Section 2.02 Execution and Authentication. Two Officers shall sign the Notes for each Issuer by manual or facsimile signature.
If an Officer whose signature is on a Note no longer holds that office at the time a Note is authenticated, the Note shall nevertheless be valid.
A Note shall not be valid until authenticated by the manual signature (which may be by facsimile) of the Trustee. The signature shall be conclusive evidence that the Note has been authenticated under this Supplemental Indenture.
At any time and from time to time after the execution and delivery of this Supplemental Indenture, the Issuers may deliver Notes executed by the Issuers to the Trustee for authentication; and the Trustee shall authenticate and deliver (i) Initial Notes for original issue in the aggregate principal amount of $1,500,000,000, (ii) Additional Notes from time to time for original issue in aggregate principal amount specified by the Issuers and (iii) Exchange Notes from time to time for issue in exchange for a like principal amount of Initial Notes or Additional Notes, in each case specified in clauses (i) through (iii) above, upon a written order of the Issuers signed by an Officer of each Issuer (an Authentication Order).
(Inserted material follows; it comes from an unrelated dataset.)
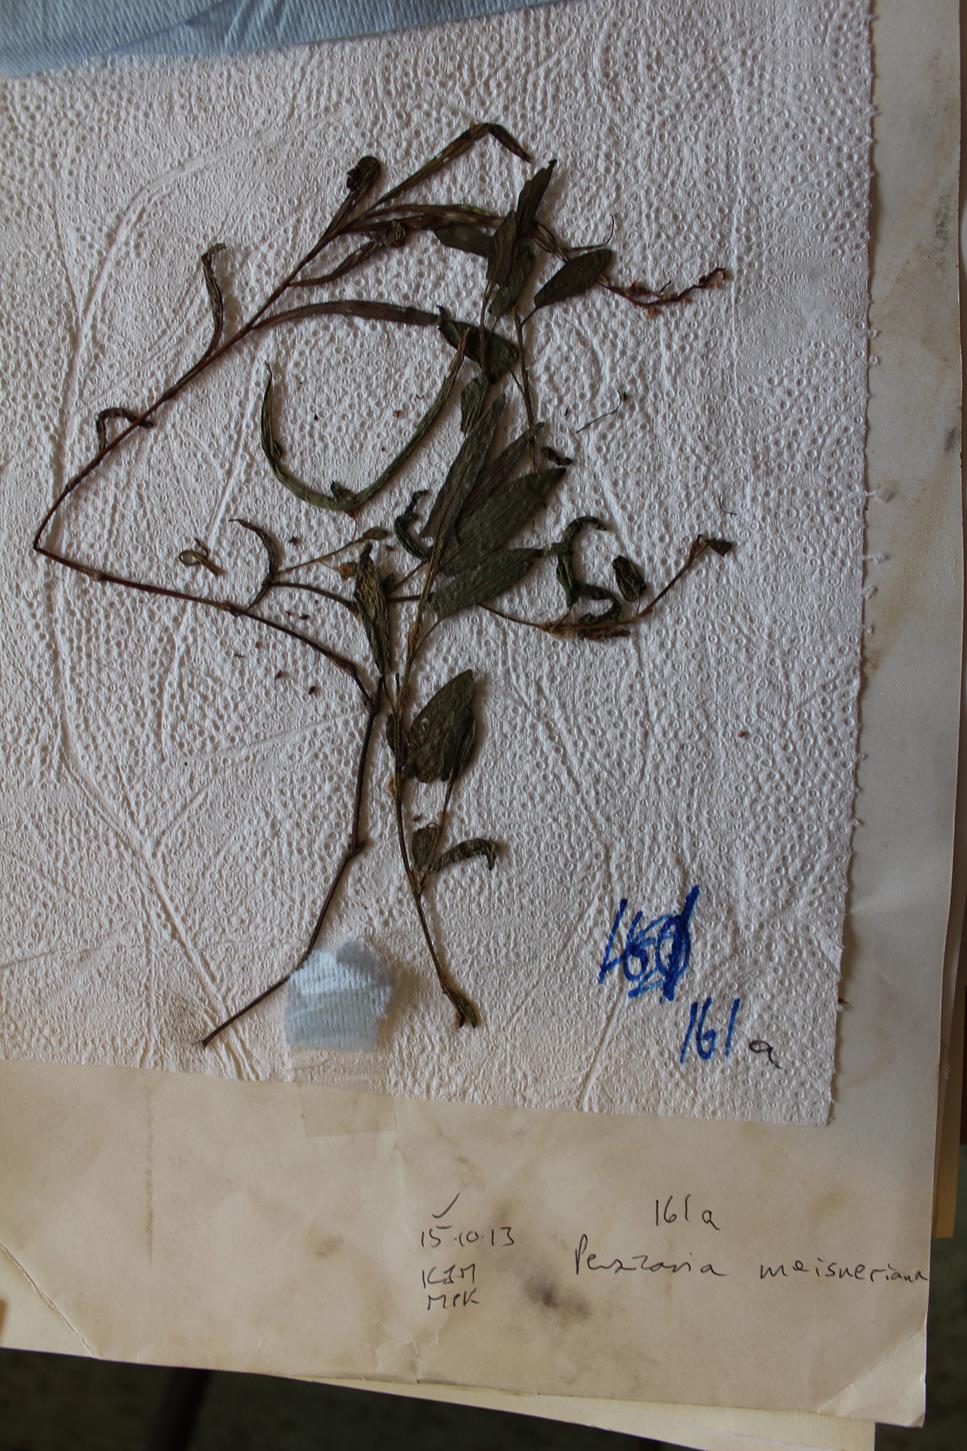 Persicaria meisneriana var. beyrichiana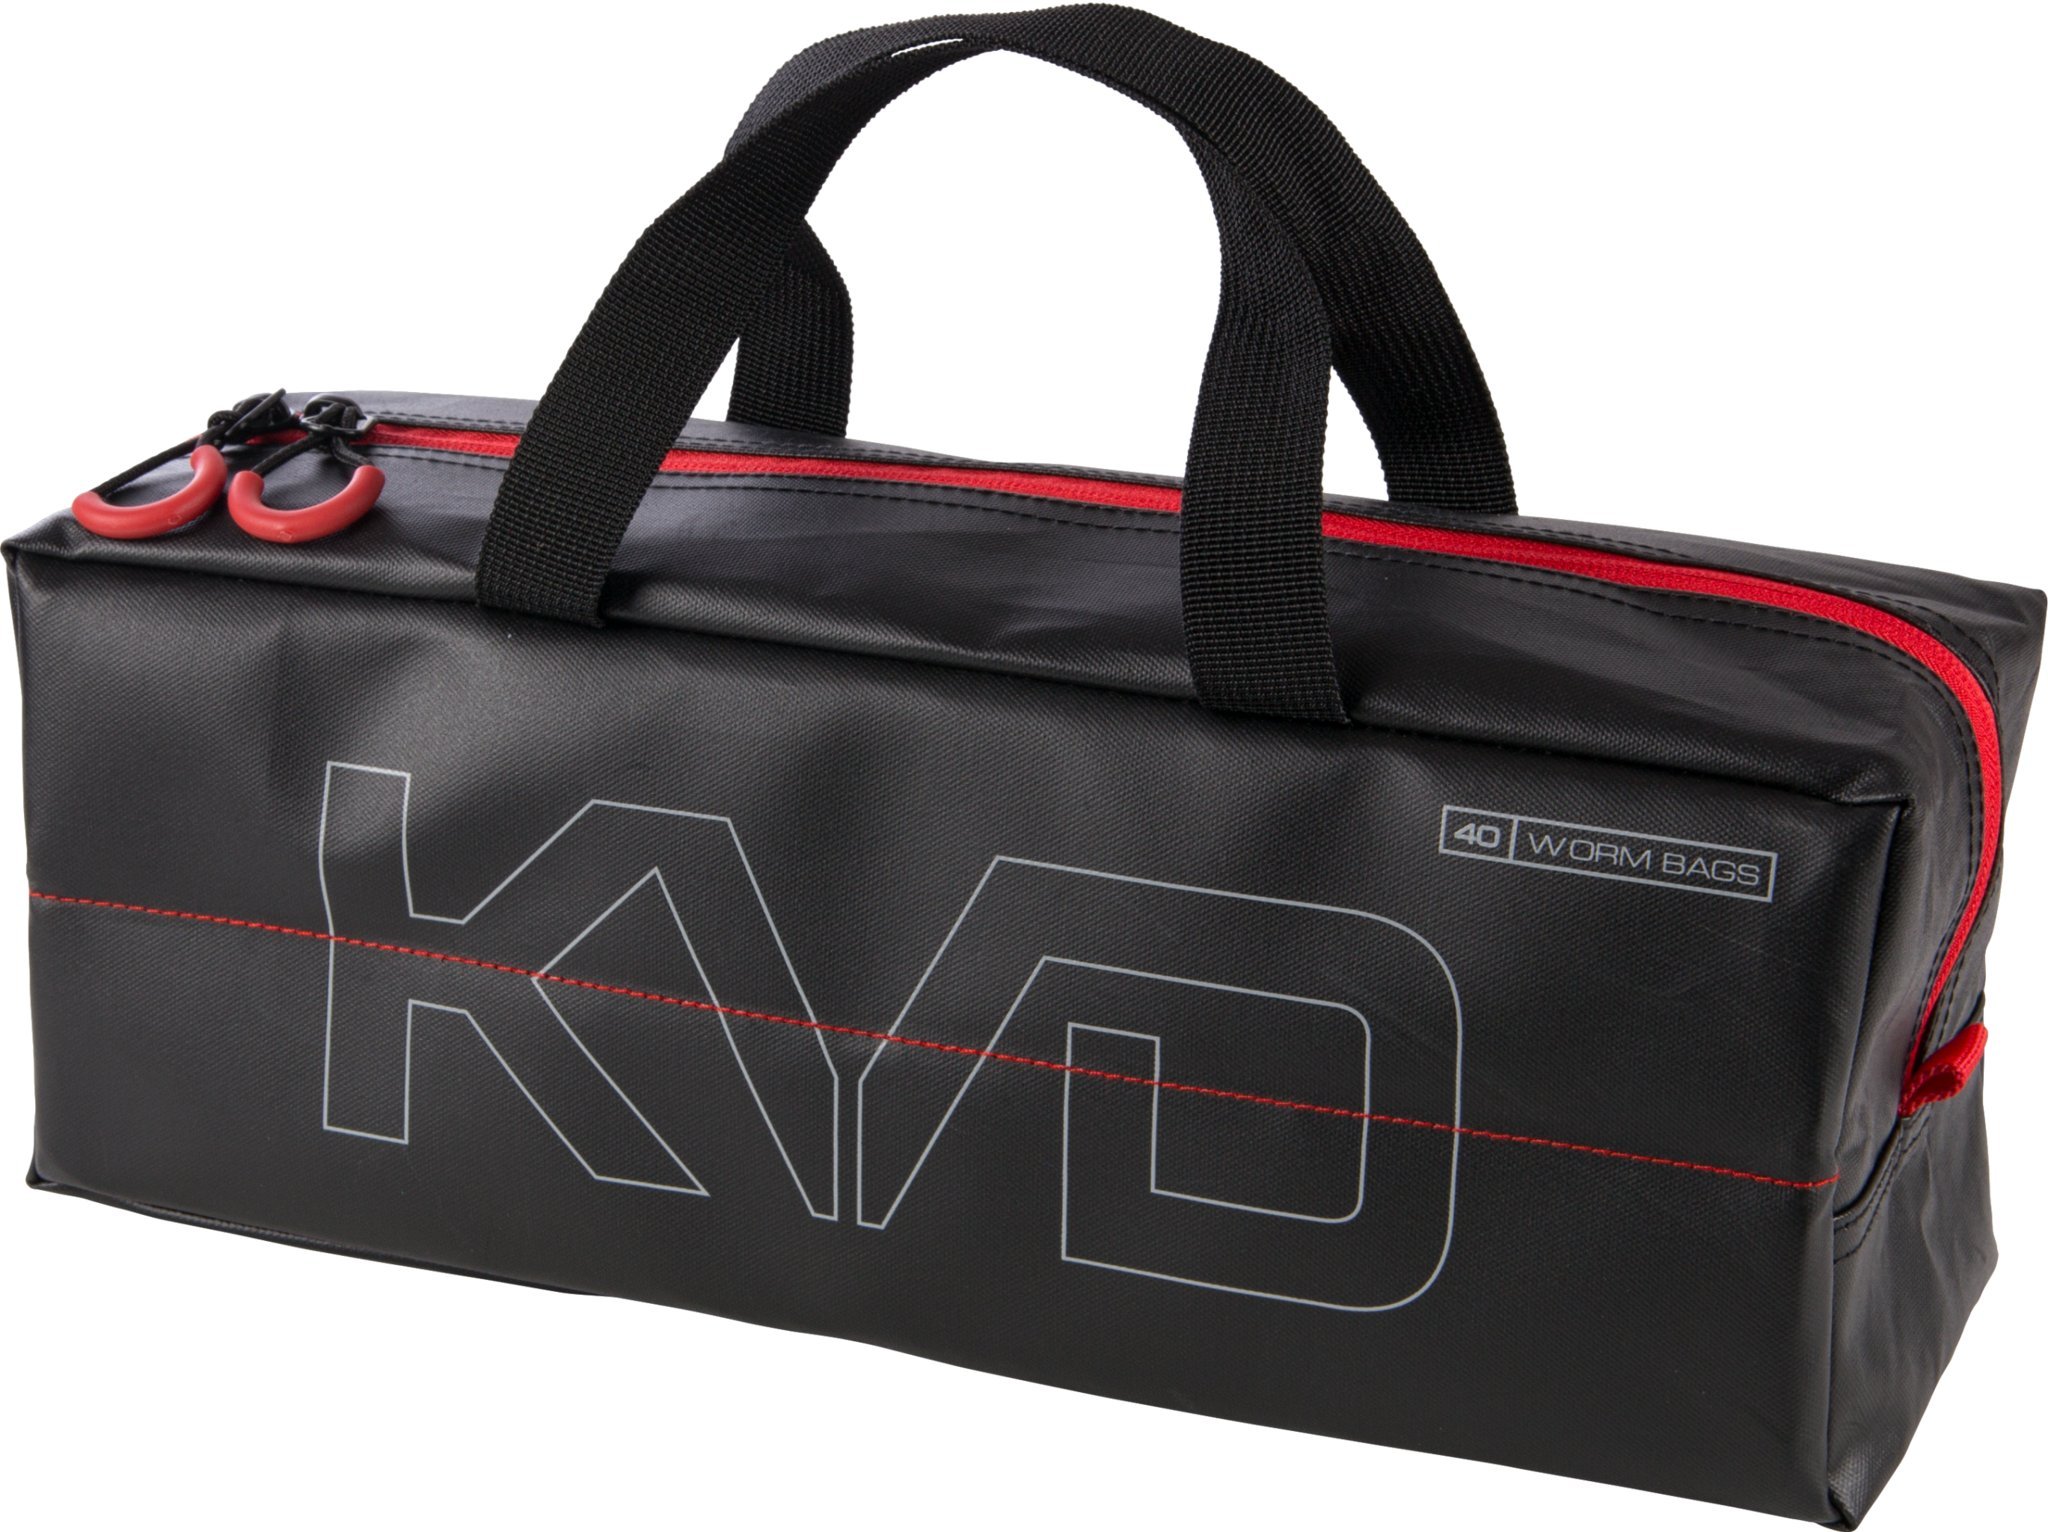 Plano PLAB11700 KVD Worm Speedbag (Holds Worm Bag) Holds 40 Bags

Such Authentication Order shall specify the amount of Notes to be authenticated and the date on which the Notes are to be authenticated, whether such Notes are to be Initial Notes, Additional Notes or Exchange Notes and whether the Notes are to be issued as one or more Global Notes and such other information as the Issuers may include or the Trustee may reasonably request. The aggregate principal amount of Notes which may be authenticated and delivered under this Supplemental Indenture is unlimited.